I’m at a complete loss for words.
“Didn’t you feel the connection between us the other night? God.” He hauls me to him, holding me close, my face buried against the solid wall of his chest, and I breathe in his clean, fresh scent. It’s nothing like the cloying cologne Greg used. But Rhett still smells expensive, deliciously expensive, and thoughtful and caring and—
“Let me help you.” He slips his fingers beneath my chin, tilting my face up so I have no choice but to meet his earnest, hopeful gaze. His fingers are gentle, a complete contrast to the way Greg touched me. “Do you need a ride? I can take you to your grandma’s house. Whatever you need.”
“What? Oh.” I’d already forgotten my lie to him. Not smart. I need to keep better track. “Maybe someone else can take care of her after all. I don’t know.” My excuses sound weak, and I clamp my lips shut.
“Okay then.” His fingers fall away from my chin.

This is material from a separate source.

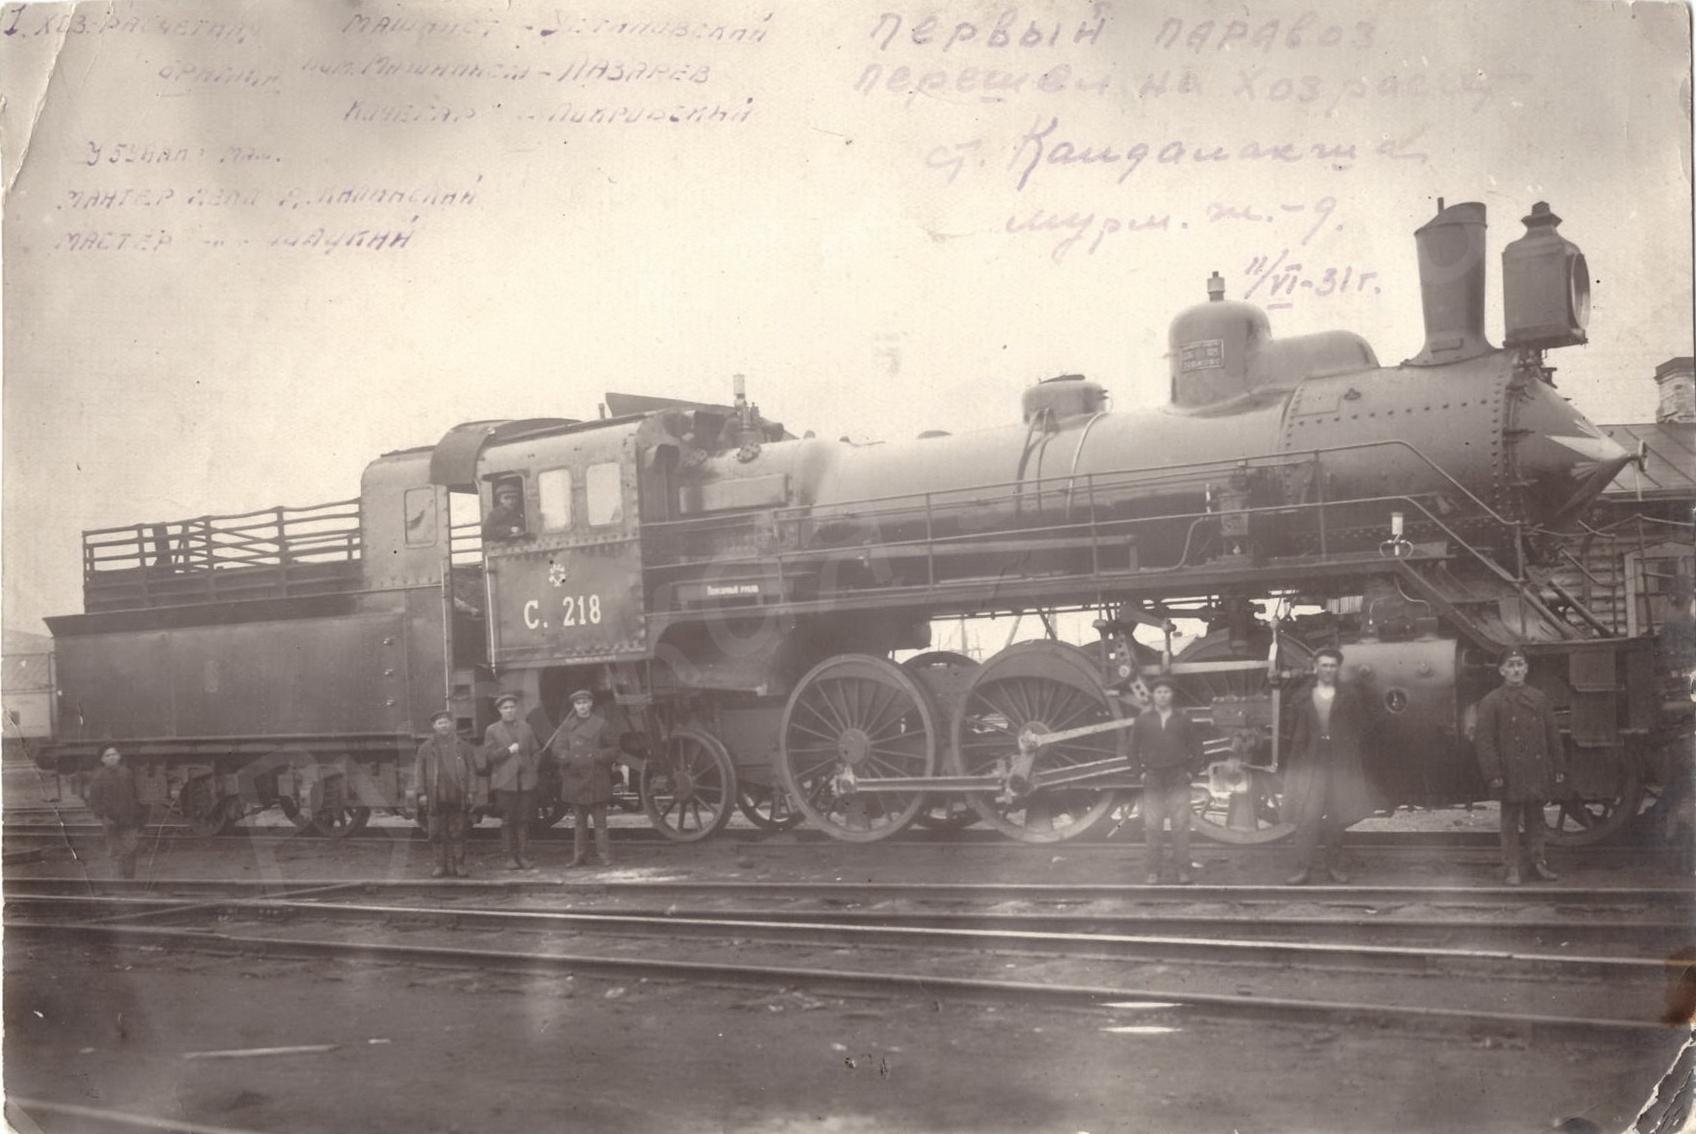 1931. Первый паровоз перешёл на хозрасчёт. Ст. Кандалакша Мурманской железной дороги

His voice is slow, and he’s frowning at me. I’m sure I’ve confused him. No surprise, since I’m feeling pretty confused myself. “You want to come back to my place?”
“Huh?” He wants to take me back to his palace? Well, I don’t know if he lives in an actual palace while he’s in college, but I know he does when he’s home with the parentals. He used to belong to a frat and lived in the house, but he moved out the spring of his junior year.
How do I know this? Googling him—he mentioned those interesting facts on an Instagram post.
God, I’m awful.
“Jensen. Hey.” He pulls away from me, still holding onto my shoulders, and I’m thankful he’s keeping me in place. My knees are so shaky I’m afraid I could fall. “Are you all right?” He touches my cheek, tucks my hair behind my ear, his fingers so gentle. “You’re acting kinda weird.”
I am. I always am. Can’t he see it? I’m fake. Fake as my pleather couch, fake as the CZ earrings in my ears. Fake as the name that he calls me.
There’s nothing about me that’s real.
My stomach churns as I blink up at him, and I swear I’m seeing two Rhetts. Like he’s a twin egg that split in two. Does that even make sense? No, of course not.
“I, uh, I feel kinda…dizzy.” Fuzzy black dots fill my vision and I shake my head, but that only seems to make it worse.
“Damn, your lips are so white. Jensen, what’s wrong? Are you okay? Jensen? Jensen!”
I wake up to discover I’m sitting in the reclined passenger seat of Rhett’s car, a soft, gray fuzzy blanket draped over my lower half. I move my fingers, realizing my arms are under the blanket, and I wonder where it came from.
I also wonder why I care so much about the stupid blanket.
Closing my eyes, I slowly open them again, trying to bring everything back into focus, but it’s so dark. Last I remember, the sky was still light, though the sun was fading fast. How much time has passed? What happened to me? How did I get into Rhett’s car?
Maybe I should ask him and find out.
“What’s going on?” I ask, my voice hoarse. I clear my throat and rise up on my elbows, glancing around. His car is so nice, so expensive. The seats are real leather and butter-soft, while I’m a cheap imitation of a person.
“Oh, hey. You’re awake.” He smiles over at me, then flicks his chin toward the center console. “There’s a bottle of water in there. Hope you don’t mind that I took it out of your bag. And if you want to lift the seat up, there’s a button you can hit on the base of the seat on the right side.”